## What is expected:
Skipping all images, output the listing word for word.

## Information supplied:
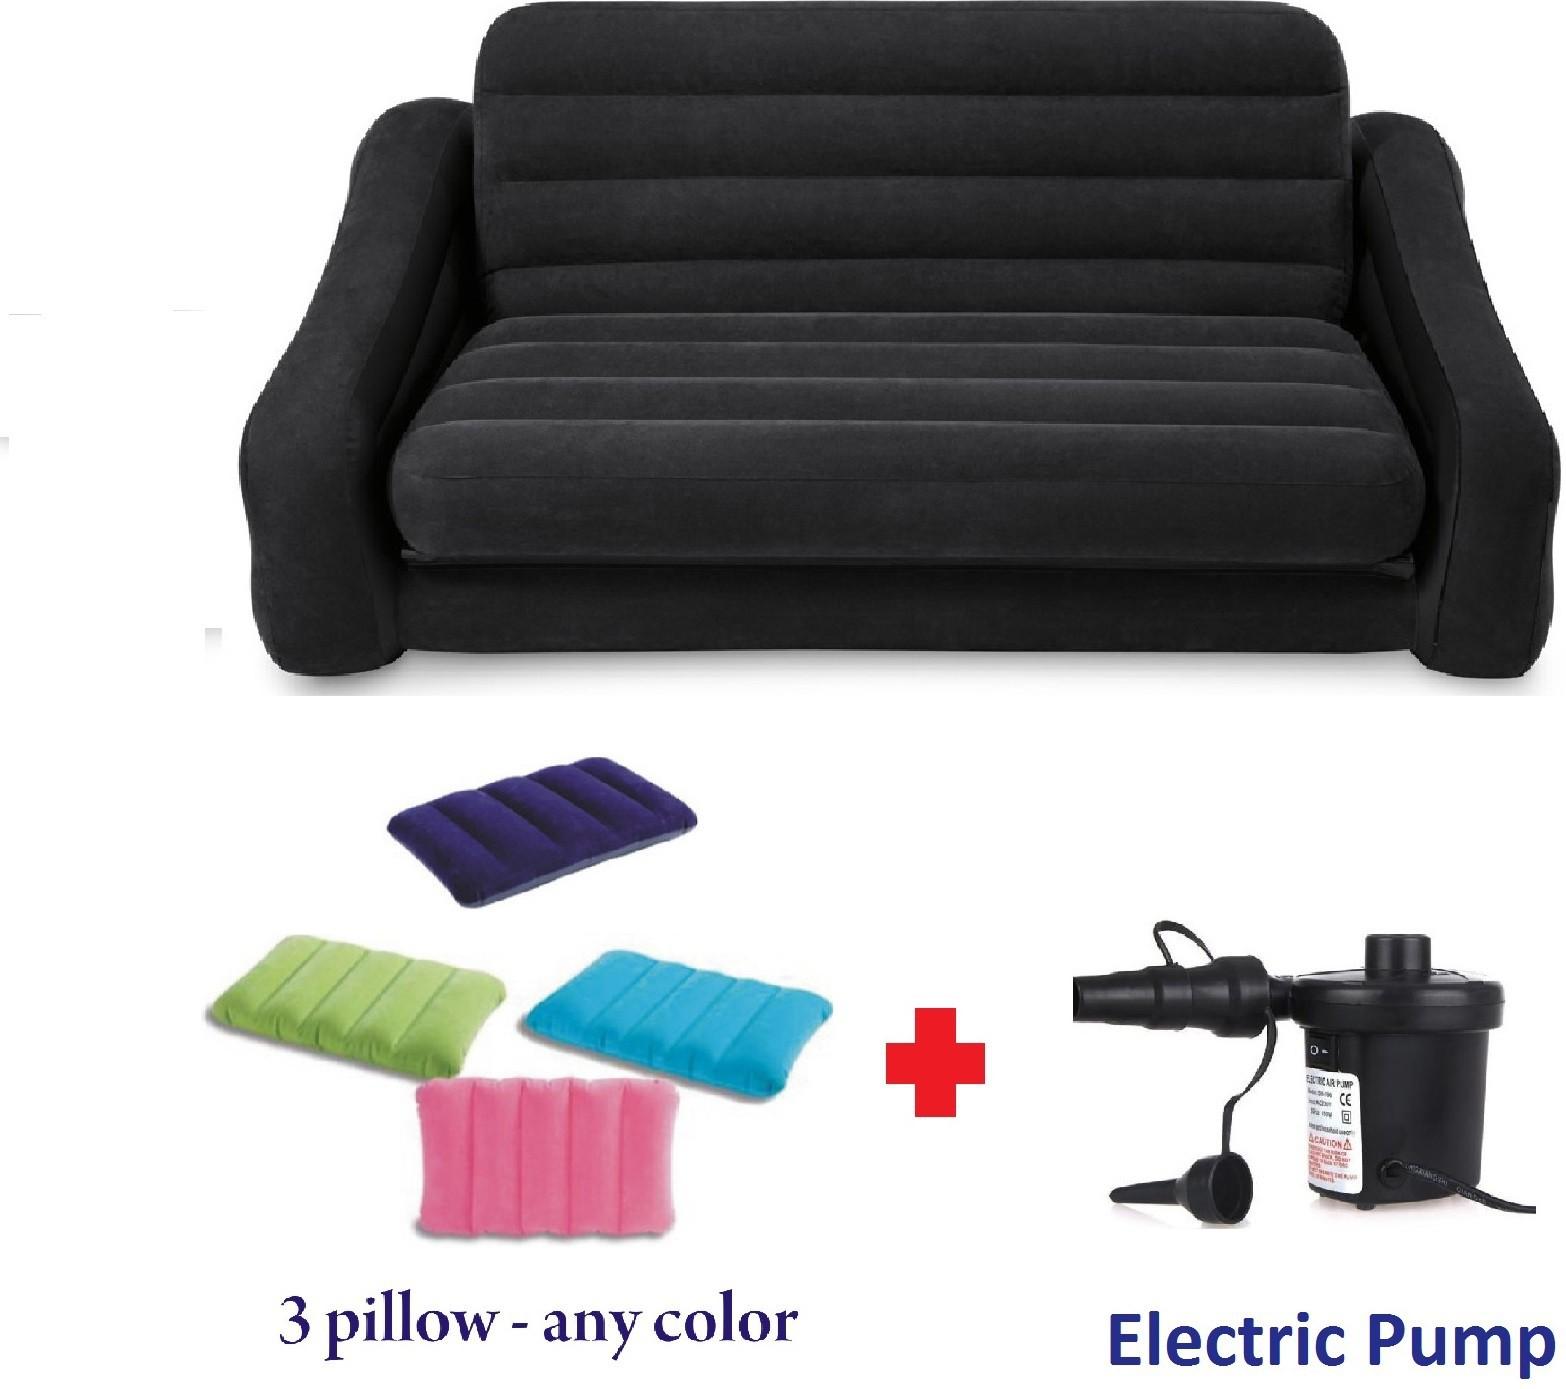 View VW Intex VW INTEX Sofa cum Bed Premium Series PVC 3 Seater Inflatable Sofa(Color - BLACK) Furniture (VW Intex)
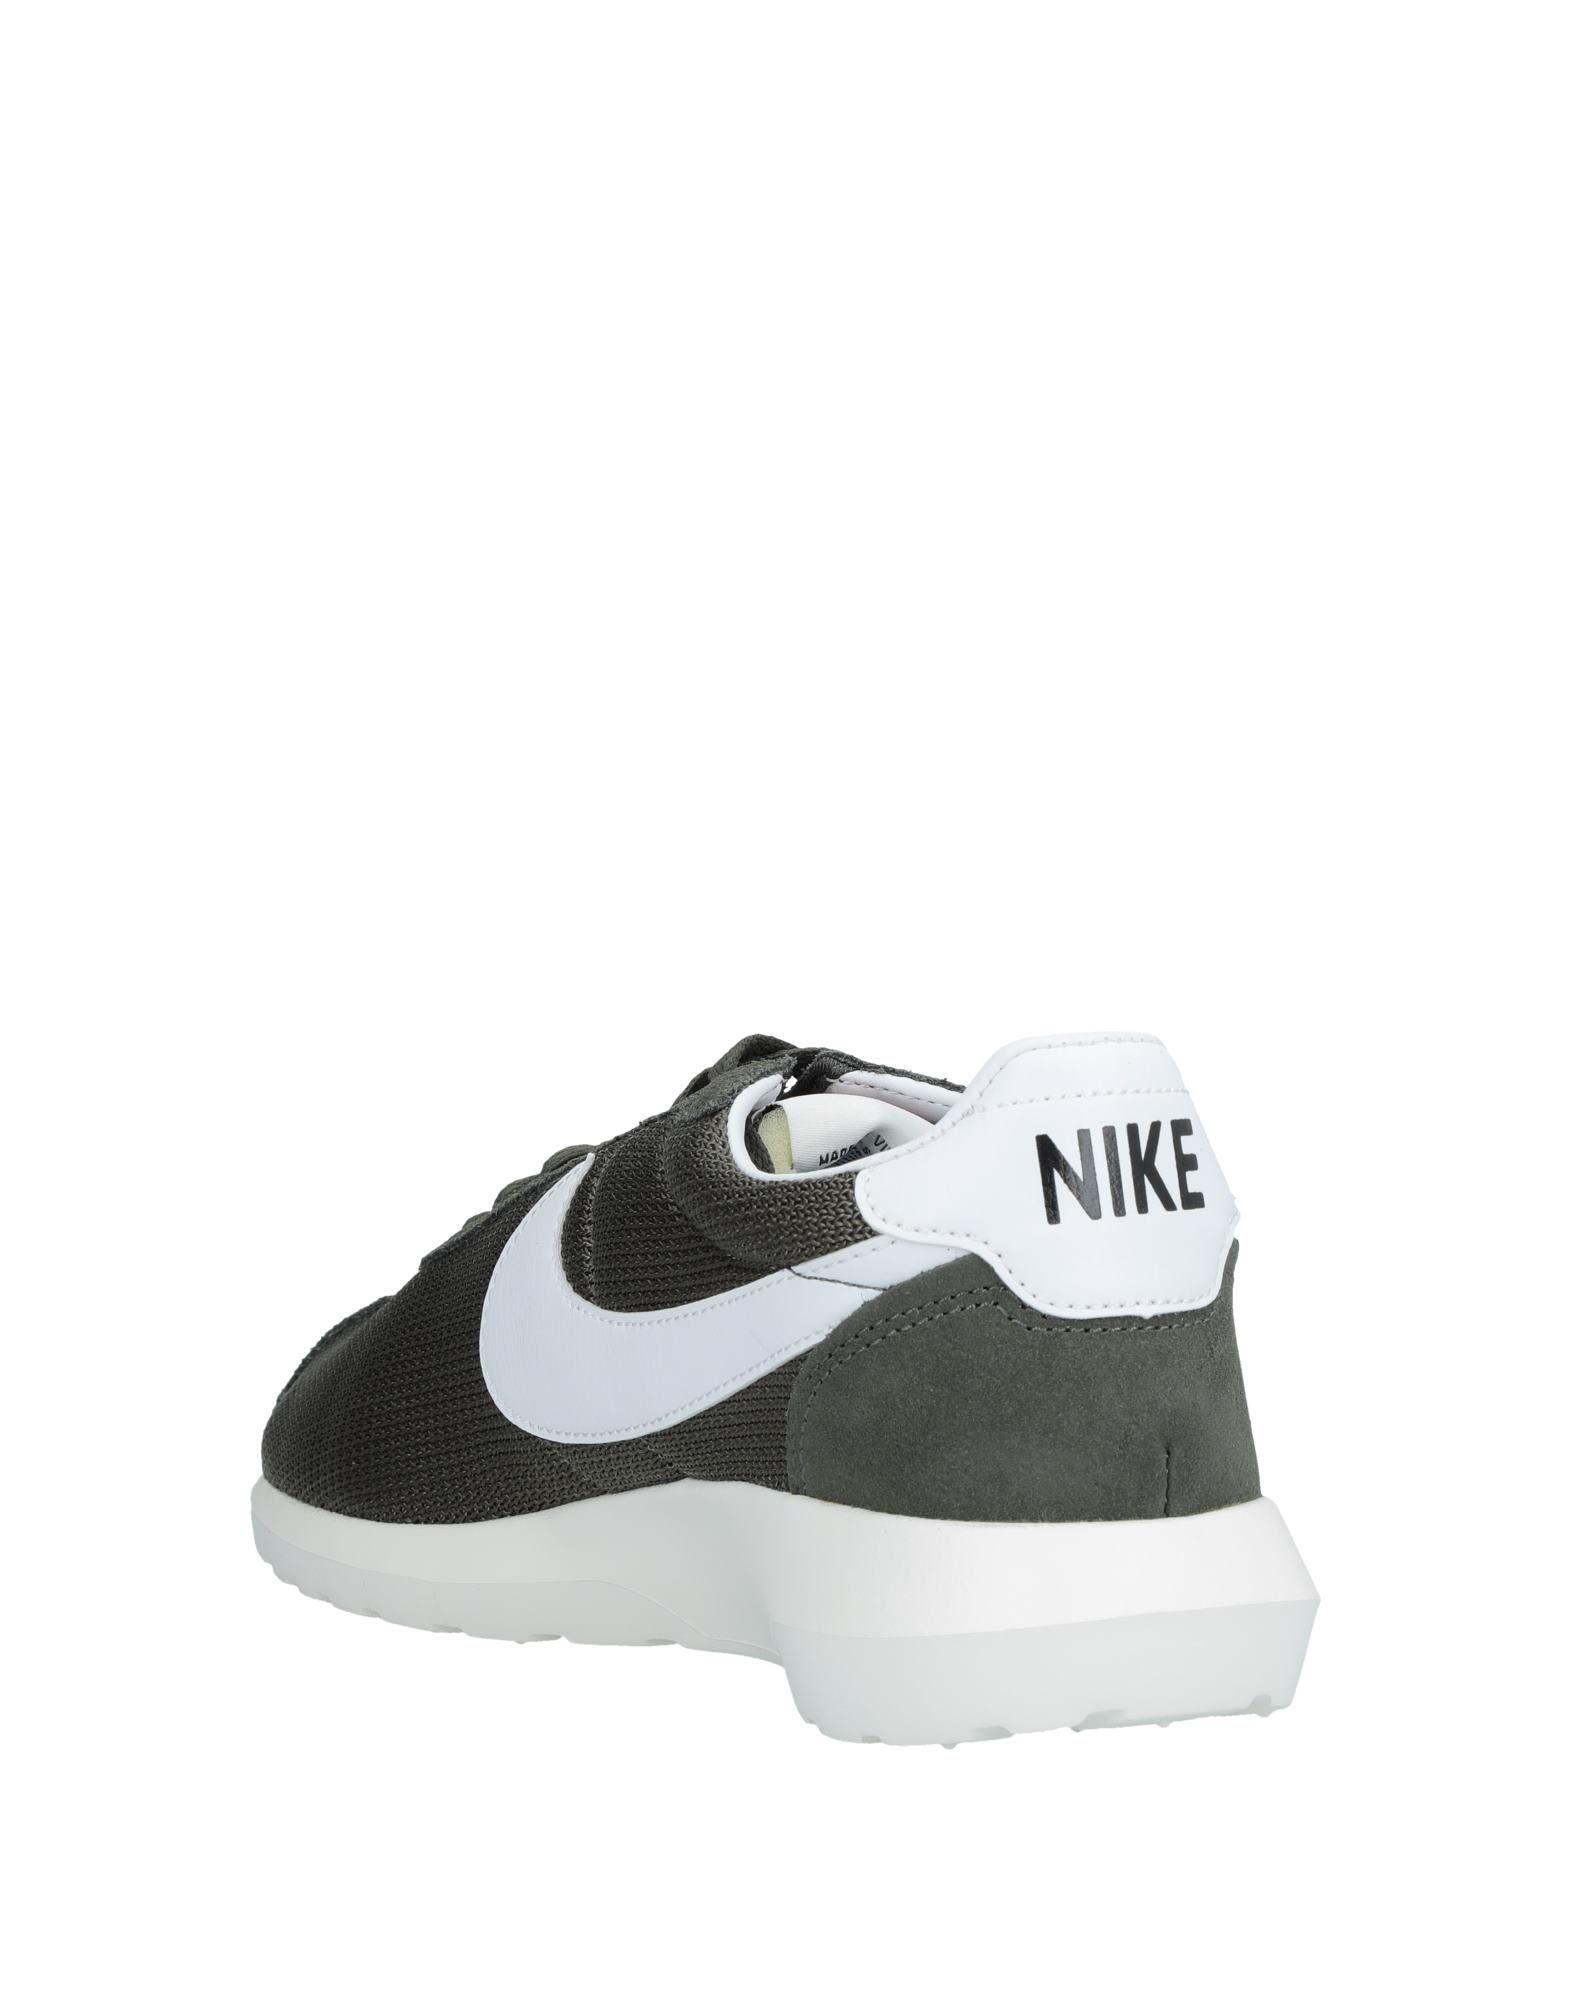 Rabatt Herren echte Schuhe Nike Sneakers Herren Rabatt  11146163TU 8d5f0b
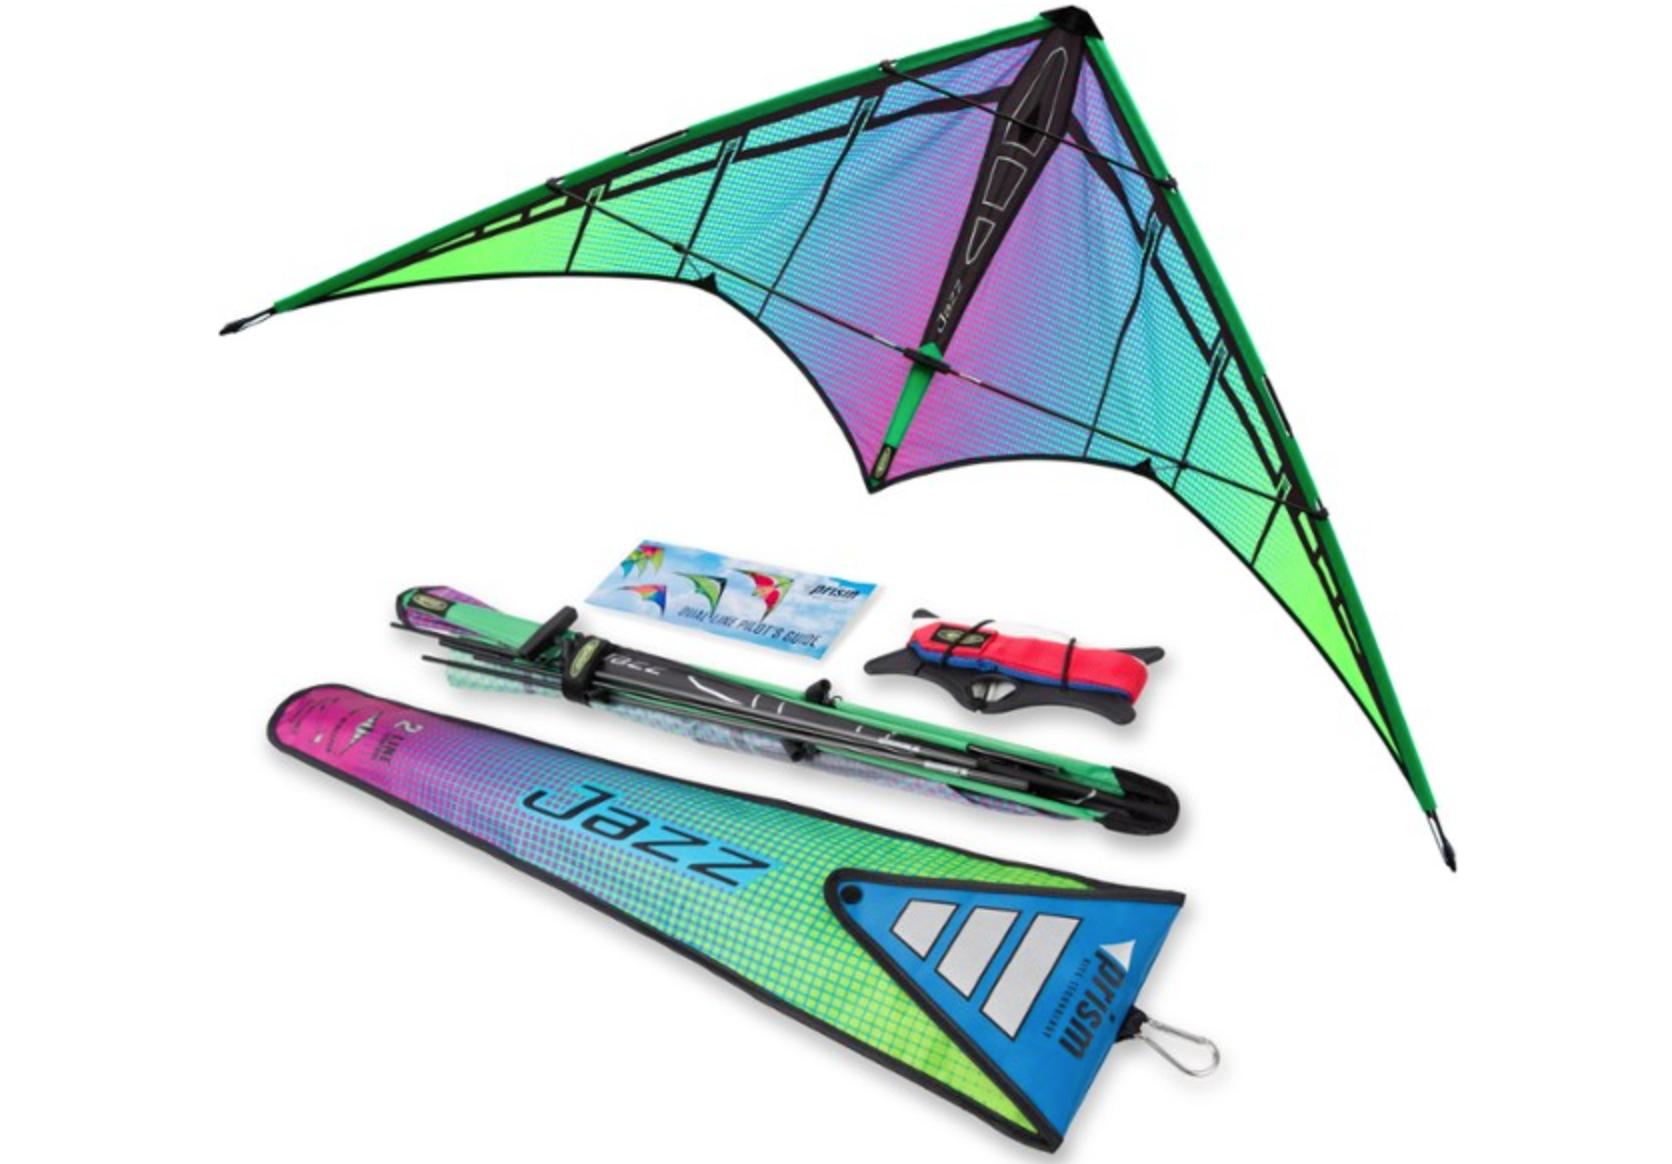 Prism Designs Jazz 2.0 Sport Kite
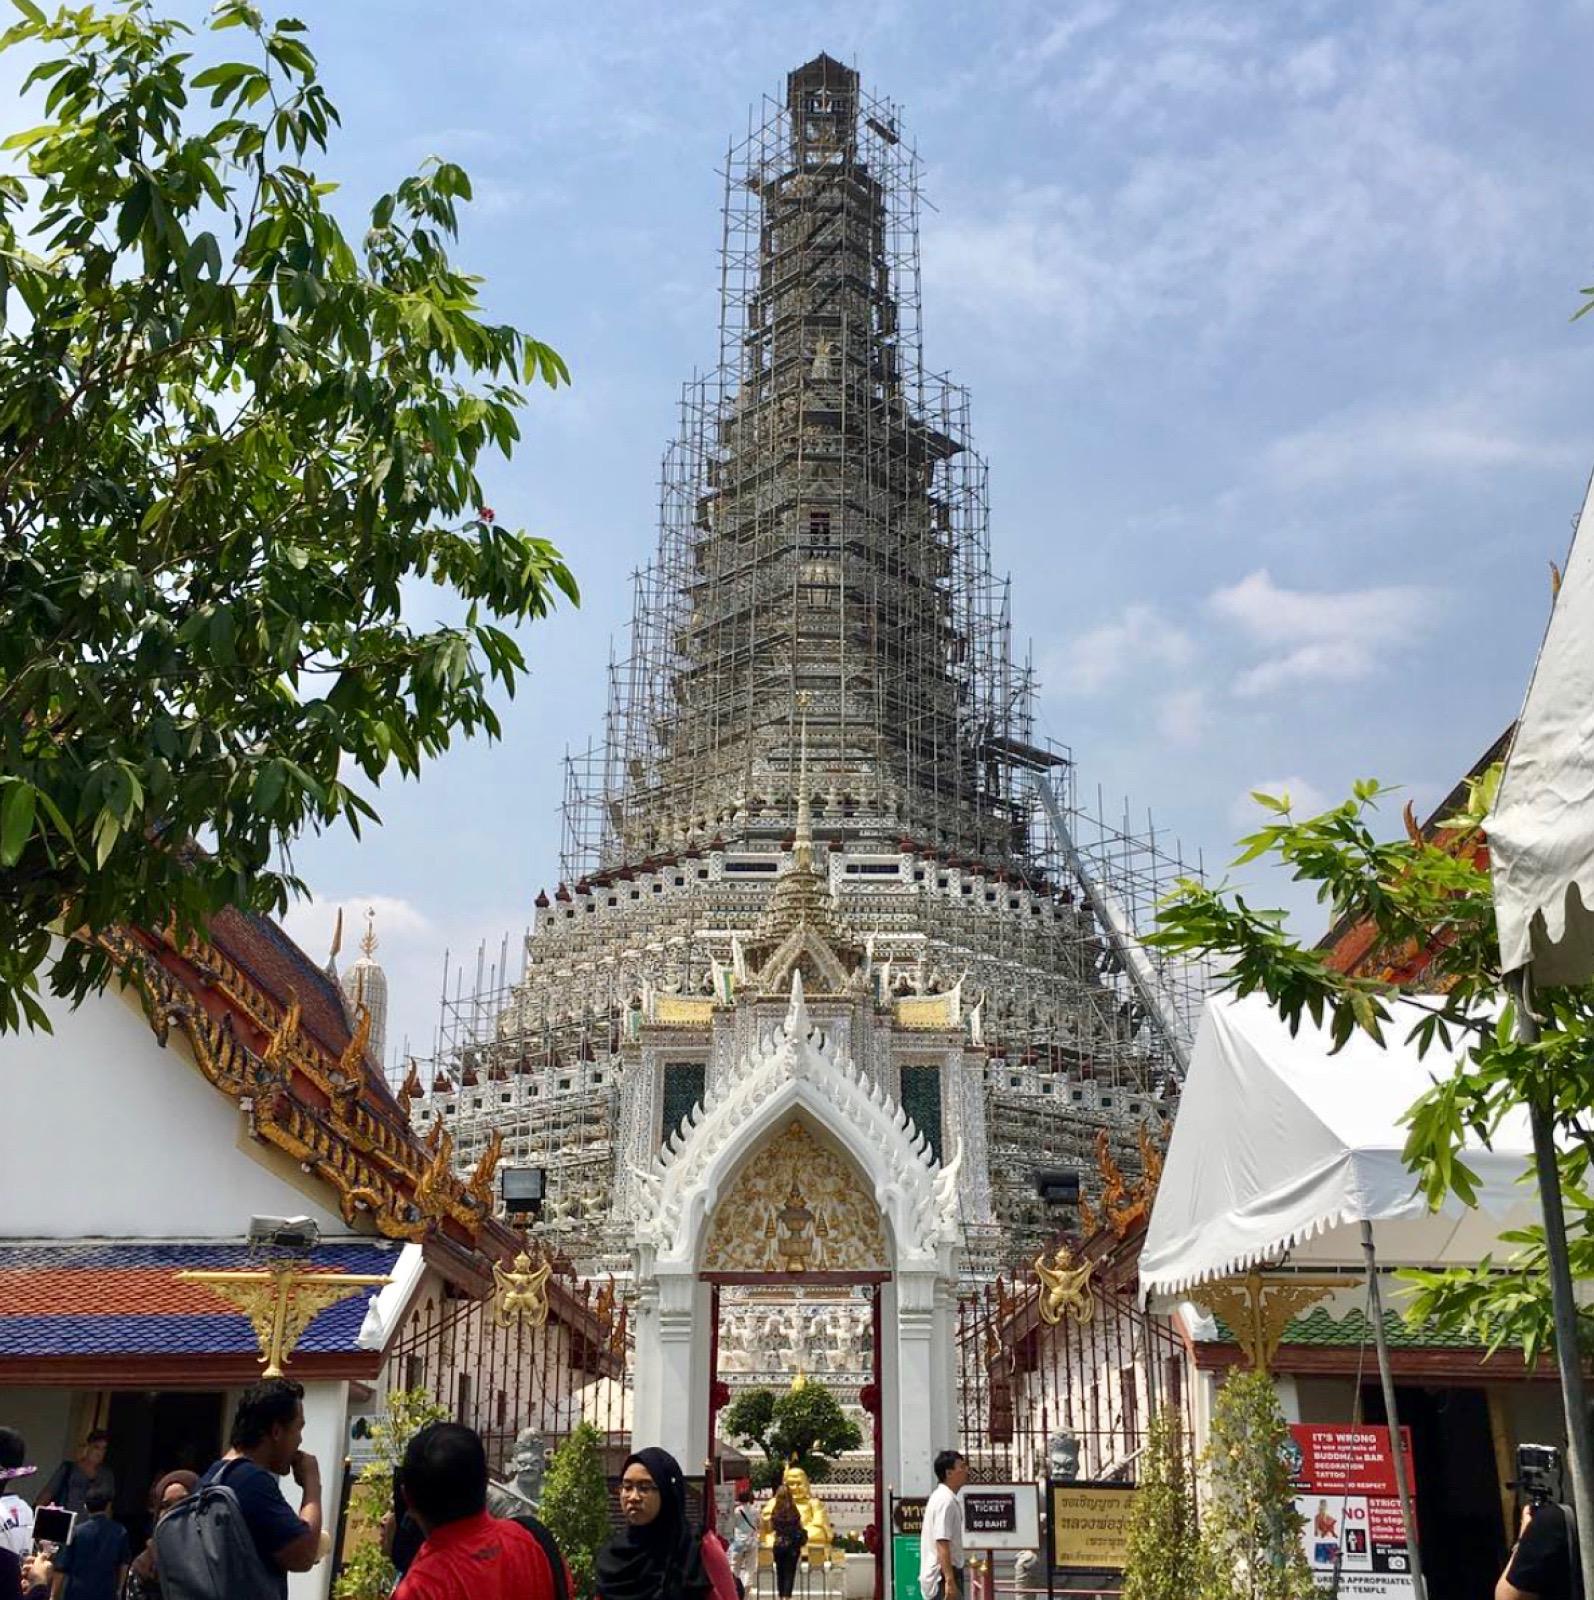 Thailand, Bangkok: Wat Arun Tempel, der volle Name ist: Wat Arun Ratchawararam Ratchaworamahaviharn

## Exercise answer:
 View VW Intex VW INTEX Sofa cum Bed Premium Series PVC 3 Seater Inflatable Sofa(Color - BLACK) Furniture (VW Intex)
 Rabatt Herren echte Schuhe Nike Sneakers Herren Rabatt  11146163TU 8d5f0b
 Prism Designs Jazz 2.0 Sport Kite
 Thailand, Bangkok: Wat Arun Tempel, der volle Name ist: Wat Arun Ratchawararam Ratchaworamahaviharn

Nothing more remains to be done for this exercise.